_Study material_.
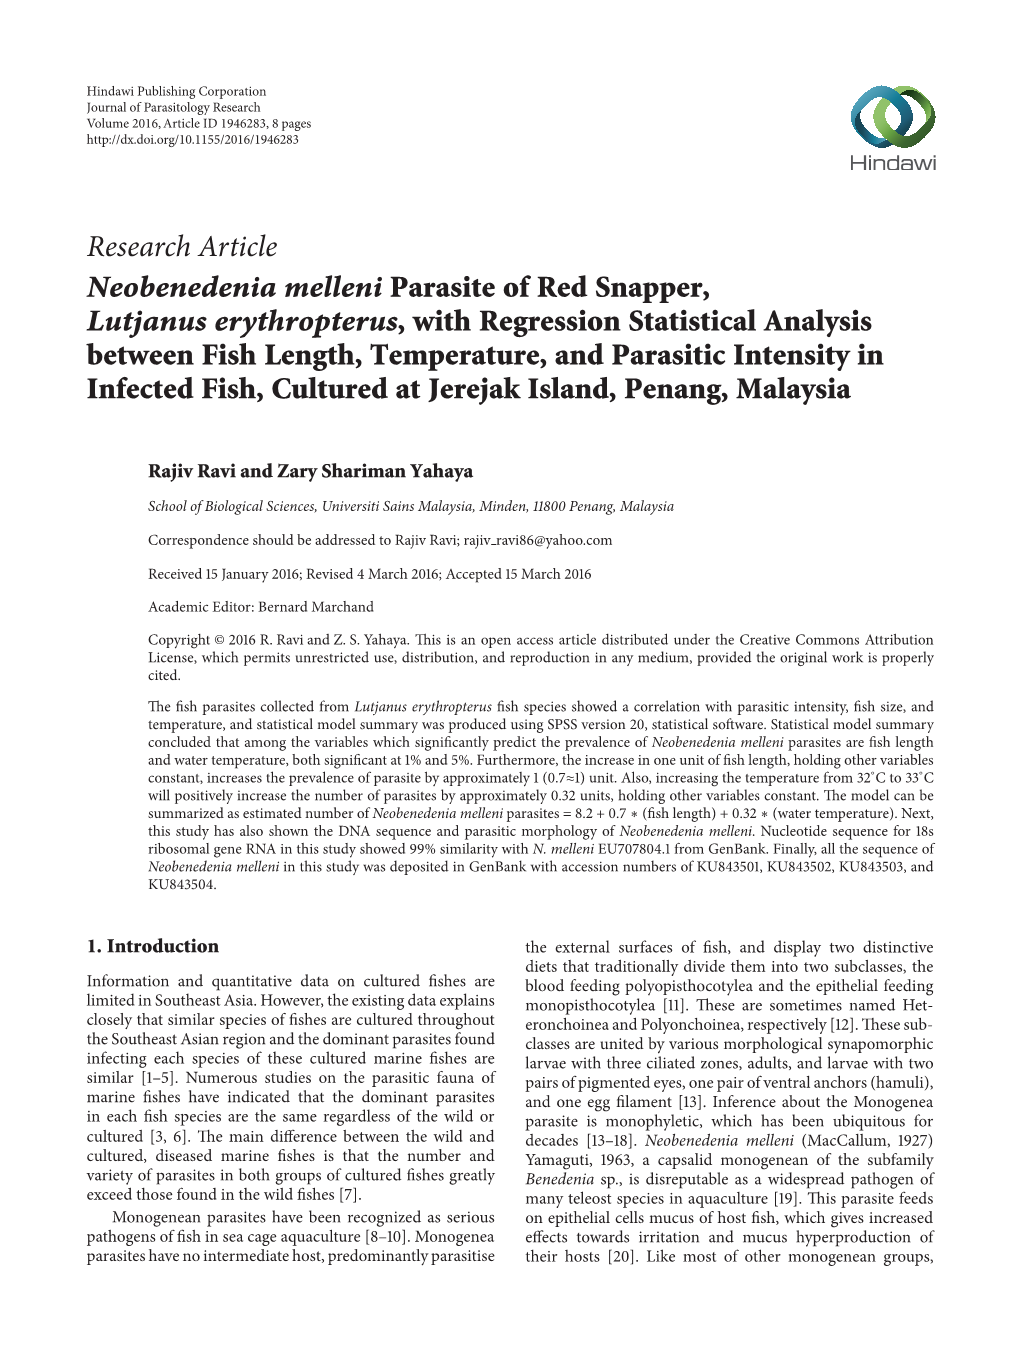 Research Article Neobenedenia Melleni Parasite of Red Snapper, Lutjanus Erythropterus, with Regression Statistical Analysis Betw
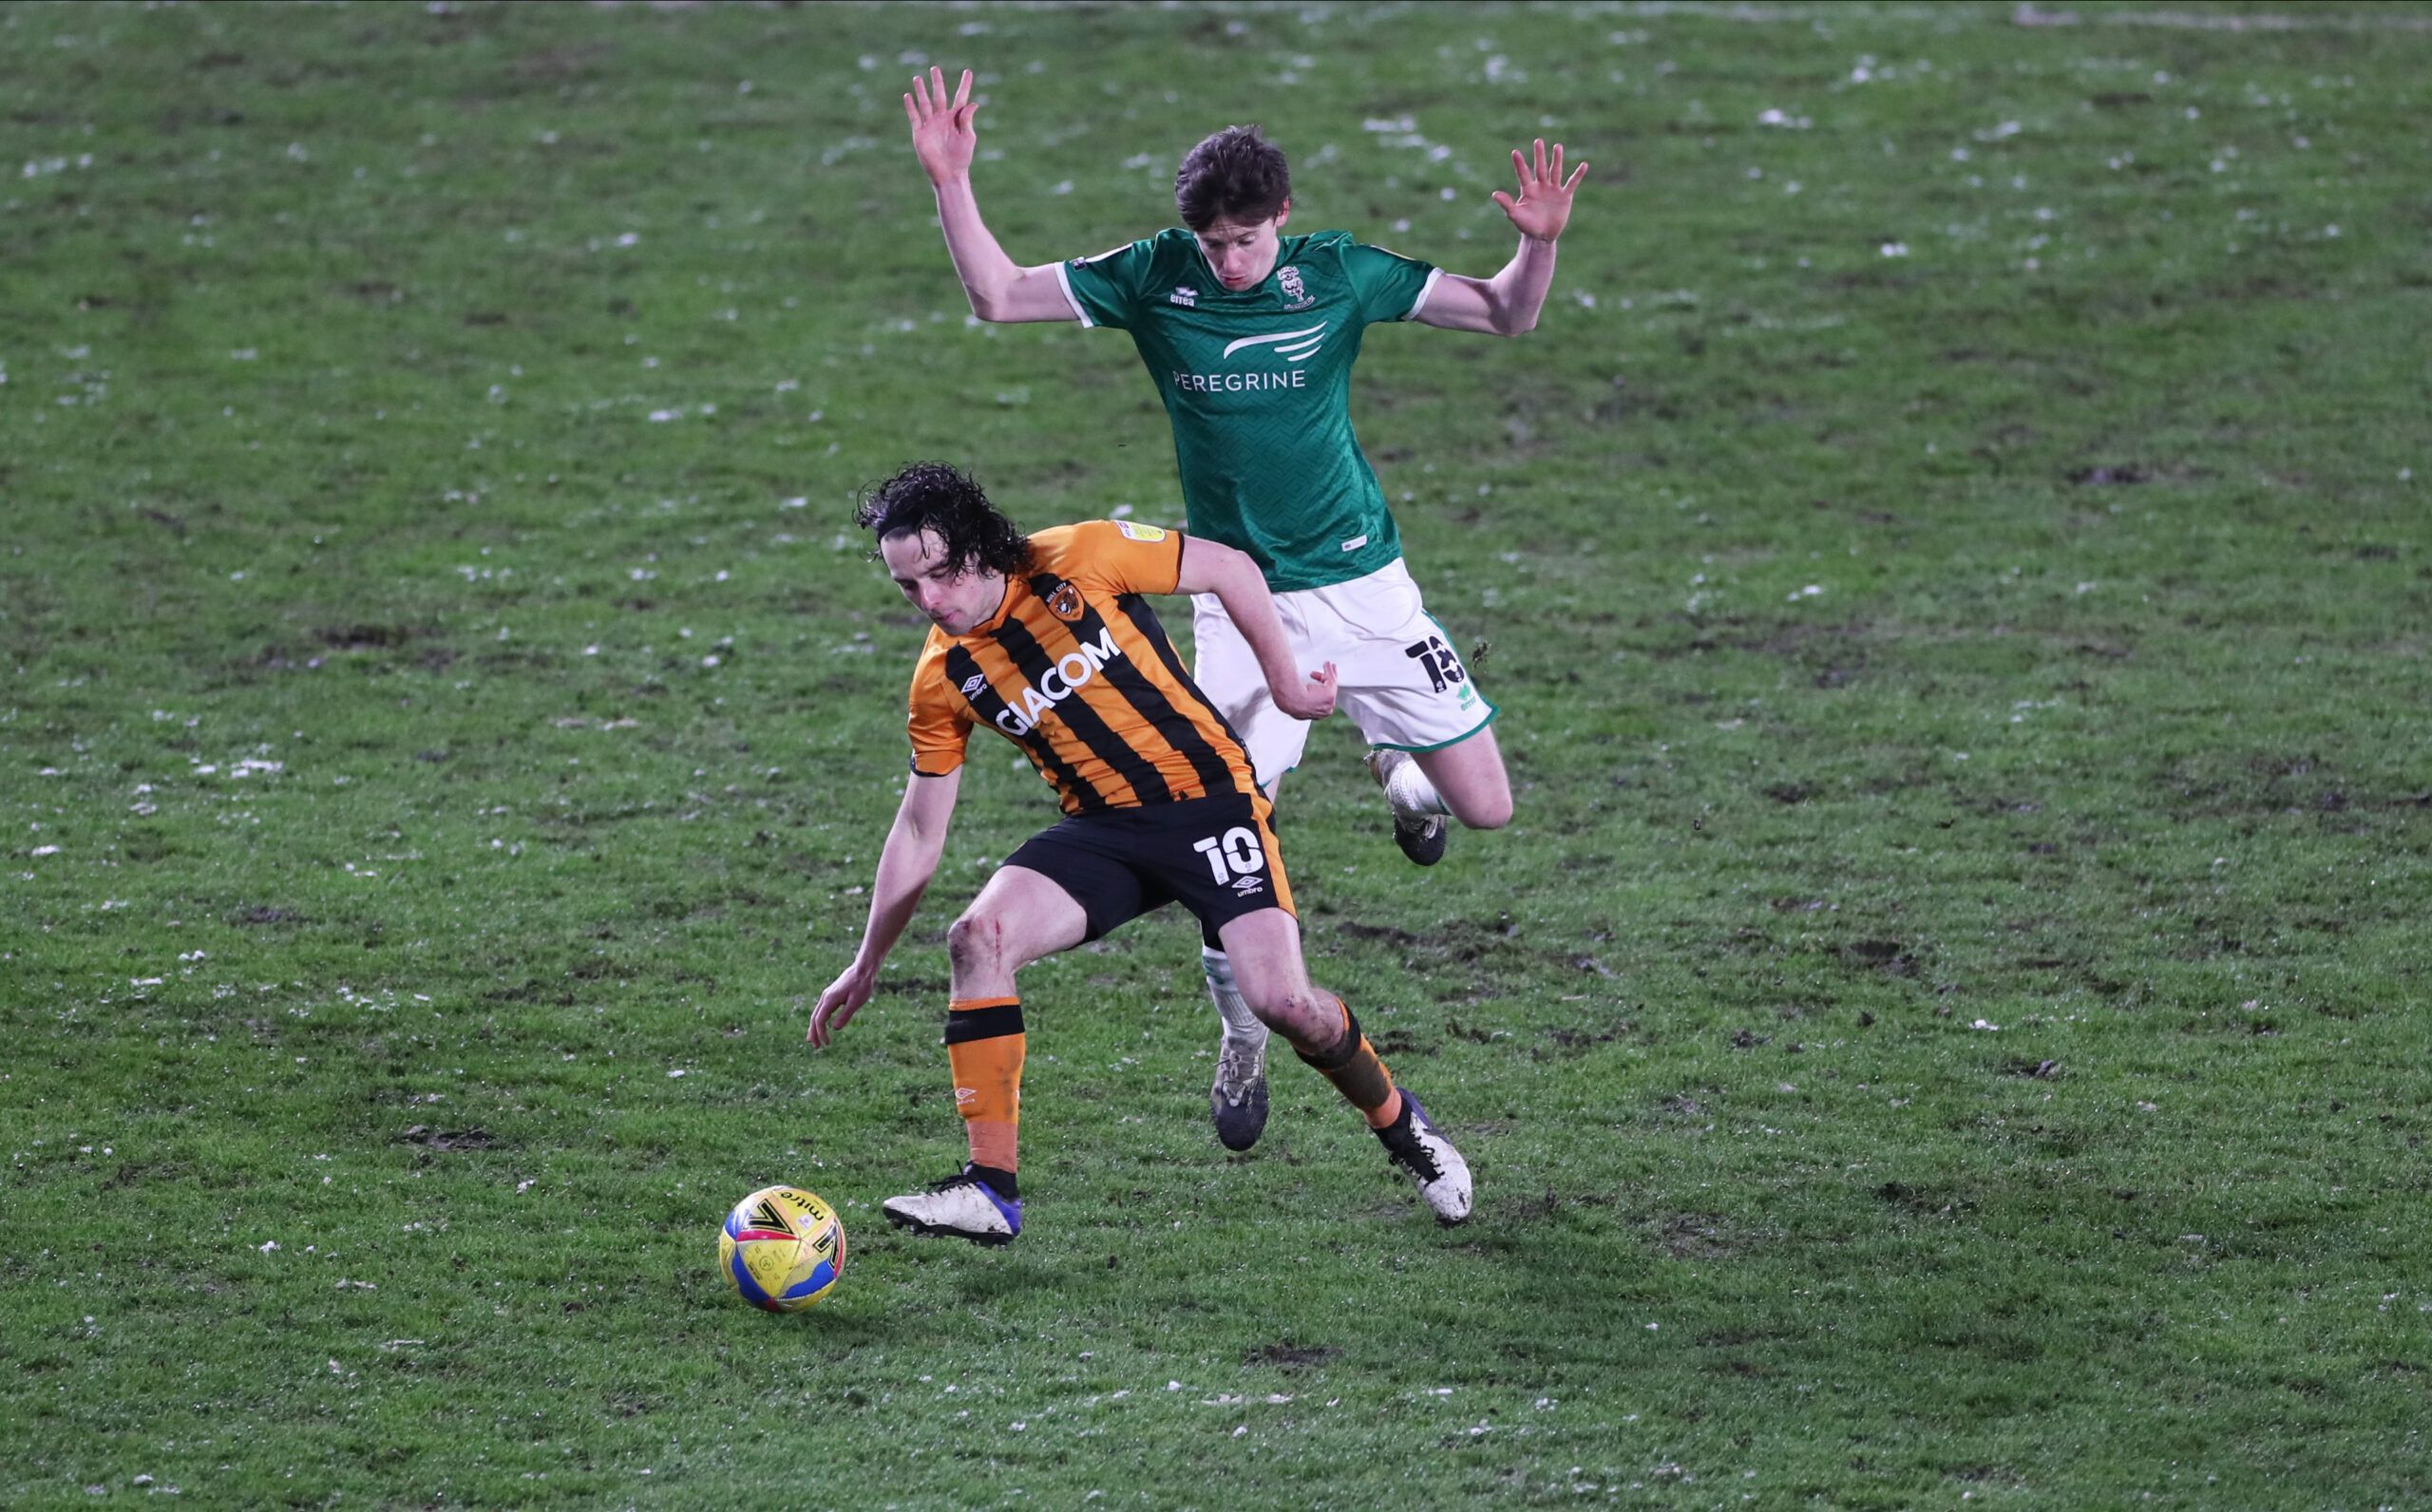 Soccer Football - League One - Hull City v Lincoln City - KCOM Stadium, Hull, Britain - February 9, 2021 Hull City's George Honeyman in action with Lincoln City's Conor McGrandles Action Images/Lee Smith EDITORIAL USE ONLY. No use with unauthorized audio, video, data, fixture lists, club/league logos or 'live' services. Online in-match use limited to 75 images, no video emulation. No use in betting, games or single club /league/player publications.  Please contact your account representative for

* * *

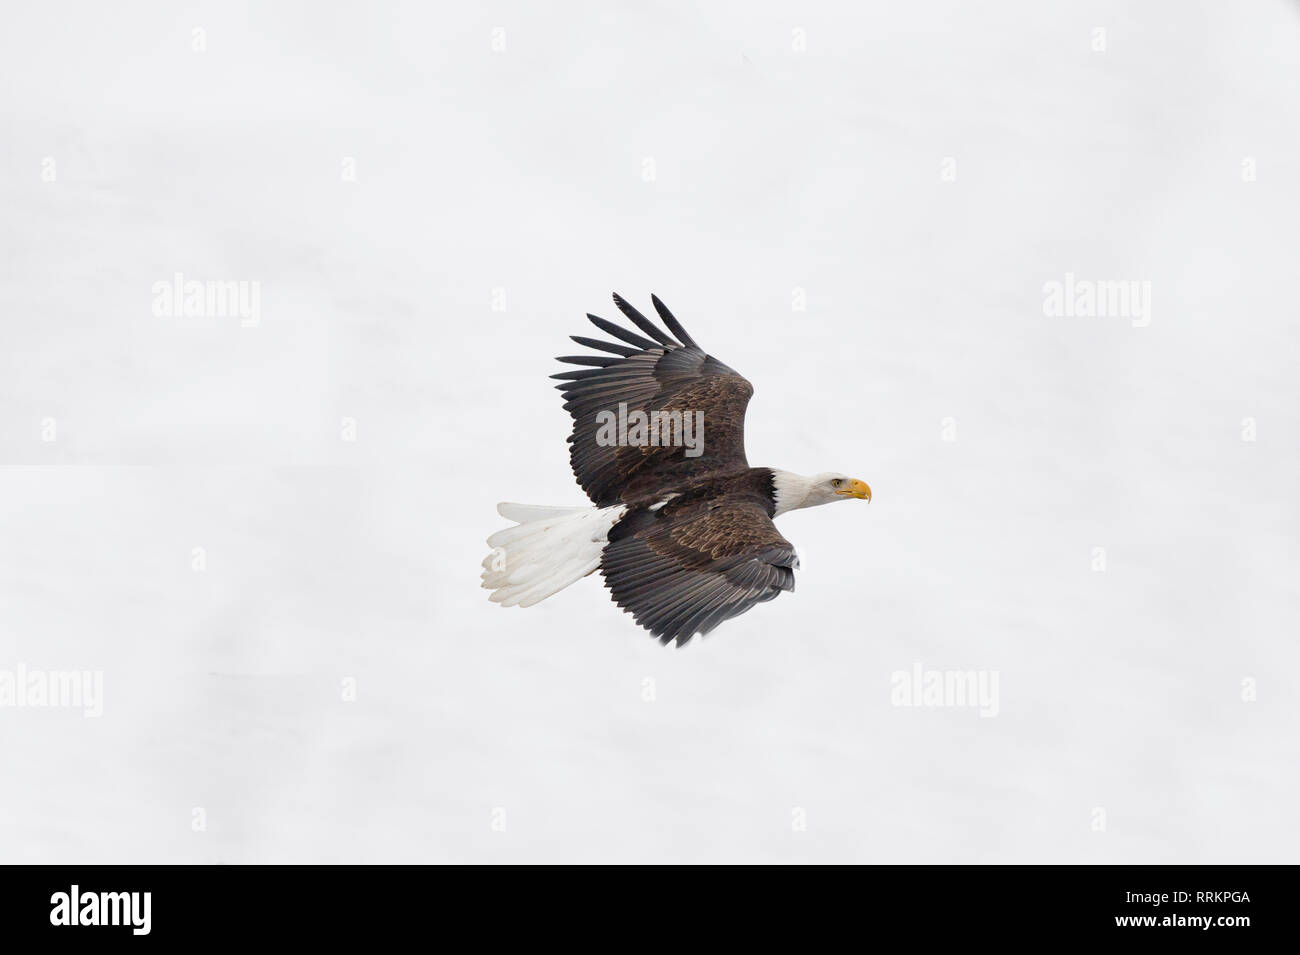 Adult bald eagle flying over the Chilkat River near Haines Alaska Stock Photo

* * *

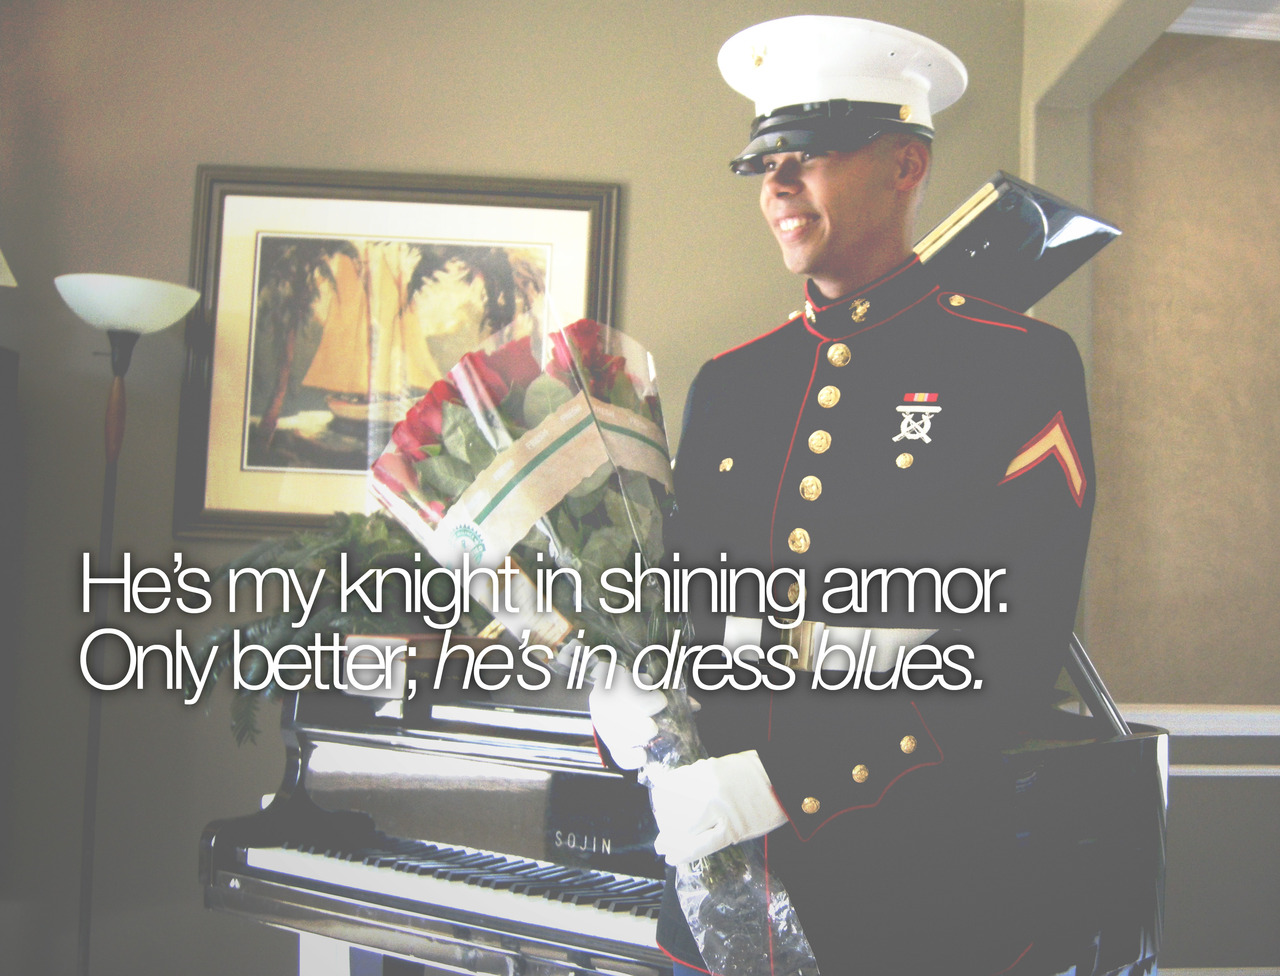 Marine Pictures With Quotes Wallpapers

_Instructions for the task_.
Copy out the listing above from the line containing "Research Article Neobenedenia" to the line containing "Soccer Football - League", both included, exactly as written and minus the images.

_Final answer_.
 Research Article Neobenedenia Melleni Parasite of Red Snapper, Lutjanus Erythropterus, with Regression Statistical Analysis Betw
 Soccer Football - League One - Hull City v Lincoln City - KCOM Stadium, Hull, Britain - February 9, 2021 Hull City's George Honeyman in action with Lincoln City's Conor McGrandles Action Images/Lee Smith EDITORIAL USE ONLY. No use with unauthorized audio, video, data, fixture lists, club/league logos or 'live' services. Online in-match use limited to 75 images, no video emulation. No use in betting, games or single club /league/player publications.  Please contact your account representative for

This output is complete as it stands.